Племена айыы-аймага, в бурном круговороте жизни оказавшись волею Айыы Тангара на благодатной земле с суровым нравом, стремились сохранить и сберечь идею об Ордуу и Ил, объединить разноязыкие племена, определить будущее этой Срединной земли, став опорой Айыы Тангара.
Жизнь здесь была сложной, особенно суровой зимою. Но земли оказались богатыми дичью, разнотравьем и ягодами. Зима, которая наступала лишь через девяносто дней и ночей, заполоняла всё вокруг, замораживая, казалось, всякую жизнь. Но жизнь зиме не поддавалась и не просто возрождалась, а не угасала, побеждая стужу и холод, давая каждый раз новые силы. Даруя жизнь, отнимая её порою, Айыы Тангара отдавал должное тем, кто выживал. Люди становились здесь сильными, закалёнными душой и телом. Люди айыы аймага на Срединной земле были особой породы: жилистые и обветренные жизненными невзгодами, они по сути своей были победителями.
Тыгын любил взбираться на высокие скалы у кромки Реки, и казалось ему, что он становится ближе к небу, Айыы Тангара. Эти скалы напоминали дворцы, воспетые в народных преданиях. Тыгын любил в детстве слушать рассказы о прошлых временах, он воспитывался рассказами стариков и певцов-сказителей о прошлом айыы аймага и Айыы Тангара. Об Омогой бае и Эллэй Боотуре, сотворивших жизнь, построивших современный ему облик Срединного мира.

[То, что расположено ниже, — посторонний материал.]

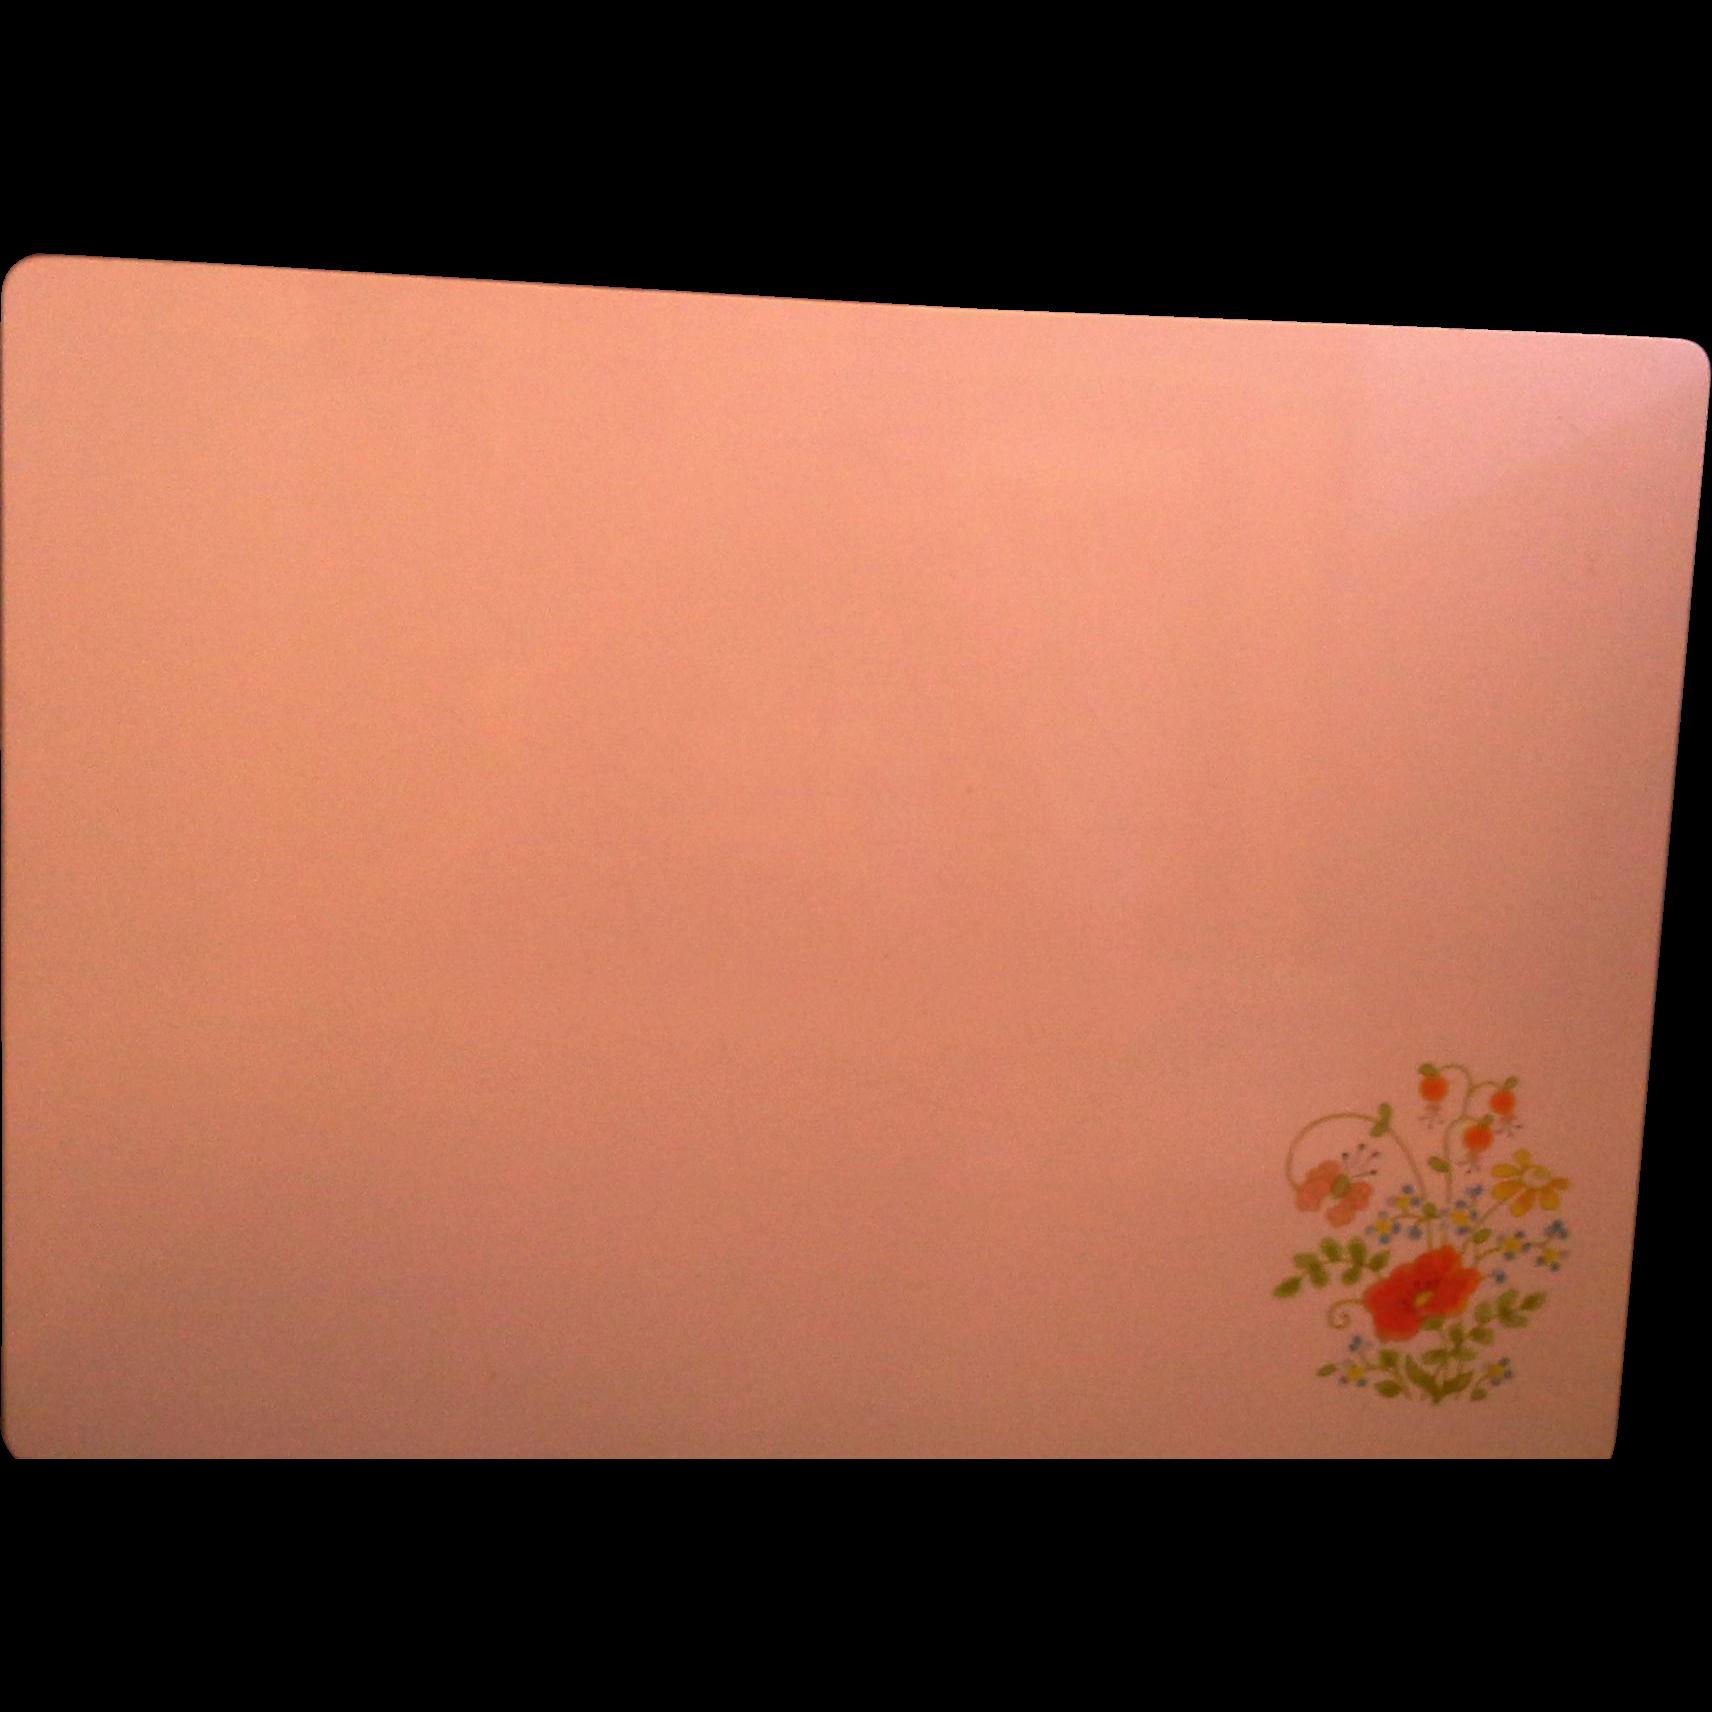 Corning Wildflower White Counter Saver 10 x 14 Cutting Board Trivet

Где-то за далёким горизонтом, там, где восходит и заходит солнце, остались земли предков, каменные Ордуу, устремлённые ввысь, словно готовые состязаться в своём сотворённом человеком величии с силой Айыы Тангара, с Матерью-Природой, с Небом, высоким и белым.
Эти дворцы из олонхо и древних сказаний воссоздавали в воображении мальчика, юноши, видение будущего народа и той земли, на которой они прижились. Он неуклонно выполнял все заветы старцев и олонхосутов, шаманов и кербёччю[3].
Не просто было в Срединном мире, но он знал, что ему делать, как поступать. Другого пути было не дано. Ему хотелось создать письмена, чтобы оставить свои думы и помыслы грядущим поколениям, потомкам айыы аймага. Суждено ли было исполниться этим его планам, мы не знаем, Матушка-Природа хранит эту тайну.
Когда-то должен был состояться его, Тыгына, разговор с Айыы Тангара на вершине самой высокой скалы. Он взобрался в одно из тех лет, которые называются благодатными, на скалы — Ленские утёсы. Поднимаясь по тропе, он думал о том, как обратиться ему к Тангара. Он вспоминал слова шамана, оставшегося у подножия скалы у костра. Шаман выспрашивал у духов благодатный для Тыгына путь к Тангара.
— Оо, Небо! Оо, Айыы Тангара! Оо, Юрюнг Аар Тойон! Как вы отнесётесь к моим мольбам и что ответите мне?
Шаман прикорнул на мгновение, и в эту мимолётность ему то ли приснилось, то ли почудилось, что с реки поднялась Айыы Хотун и, проплыв по глади воды с глазами, полными горечи, произнесла: «Ждёт испытание, и-с-п-ы-т-а-н-и-е …»
О чём это? Какое испытание? Кого ждёт? Тыгына, который сейчас поднимается по тропе духов? Или его, шамана, — этой ночью?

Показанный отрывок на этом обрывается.